Soul music has had a tremendous influence on reggae, especially on the melodic rocksteady. Several reggae singers have been inspired by American soul singers. Alton Ellis, Slim Smith and Bob Marley were mainly influenced by names such as Marvin Gaye, Stevie Wonder and Curtis Mayfield.

Less common are soul artists influenced by reggae. Texas-born Johnny Nash is one such artist who recorded both soul and reggae. A newer star on the soul and reggae sky is U.S. born Toussaint Yeshua, with a background as lead singer of the Stax Records and Blue Note recording group Soulive.

Nowadays he stands on his own feet and has together with the star-studded Zion I Kings production team created an album with a powerful blend of yearning soul and heavy roots reggae.

All 15 tracks on Black Gold are recorded with live instruments along with an all-star cast of musicians including Dean Pond, Tuff Lion and Carlton “Santa” Davis. This makes the sound rich and strong, but also smooth and soft, particularly on the title track Black Gold, which features live strings.

Toussaint’s voice is reminiscent of soul singers Stevie Wonder and John Legend, as well as reggae vocalists Dennis Brown and the new Dutch sensation Maikal X. The overall sound on Black Gold reminds me sometimes of British group Matumbi and their early material.

Black Gold offers pure soul (the sweet Hello My Beautiful), straight reggae (the mighty Roots In A Modern Time), and songs that are something of a mix of both genres (the single Be You). And the mixture works extremely well.
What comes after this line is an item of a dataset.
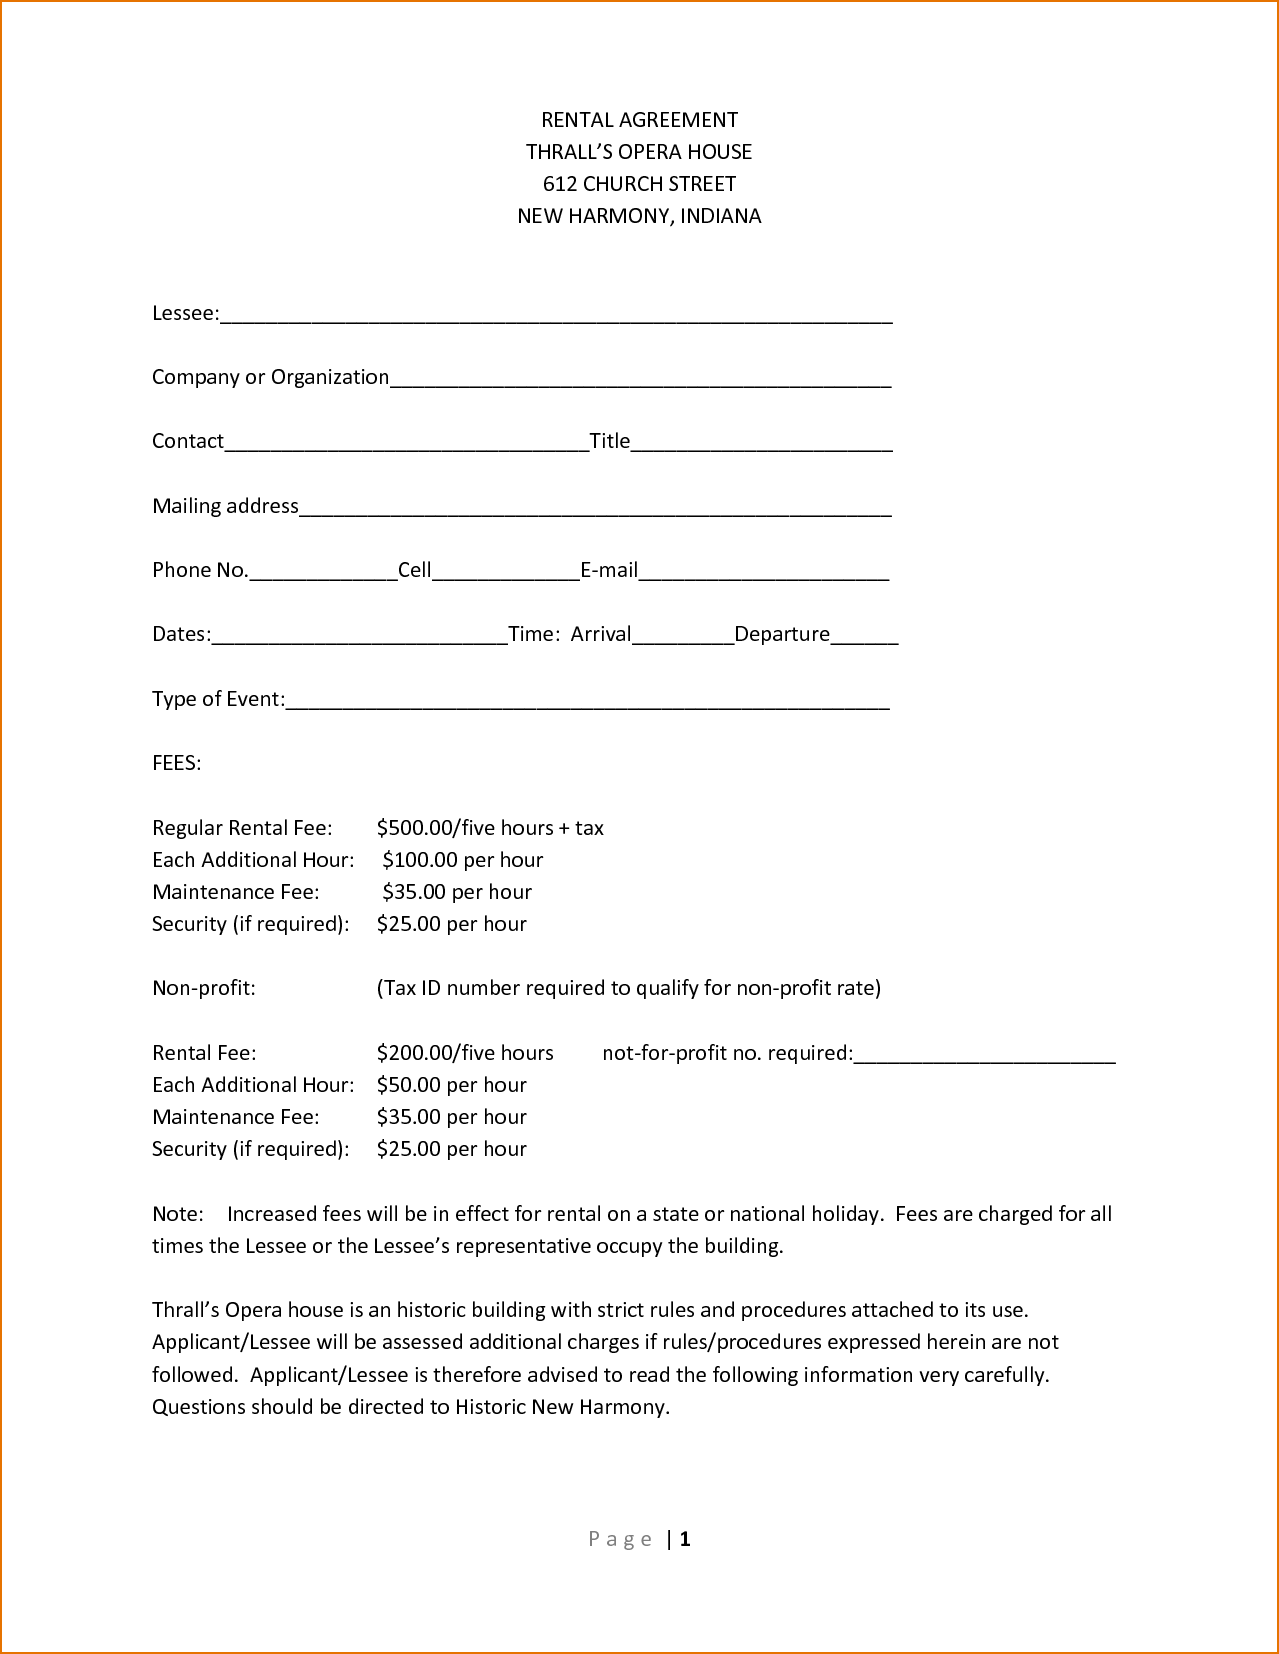 Simple Equipment Rental Agreement Template | aboutplanning.org

In addition, Toussaint appears to be an excellent storyteller. The lyrics are personal and deals with topics such as struggles in life and overcoming addictions.

Laurent “Tippy I” Alfred is the mastermind behind this release and it certainly shows his great versatility as a producer. He has previously introduced and recorded great artists such as Dezarie and NiyoRah. However, I dare to say that this is his and his label I Grade’s best release so far.

Black Gold is released digitally on August 10 and physically on August 24.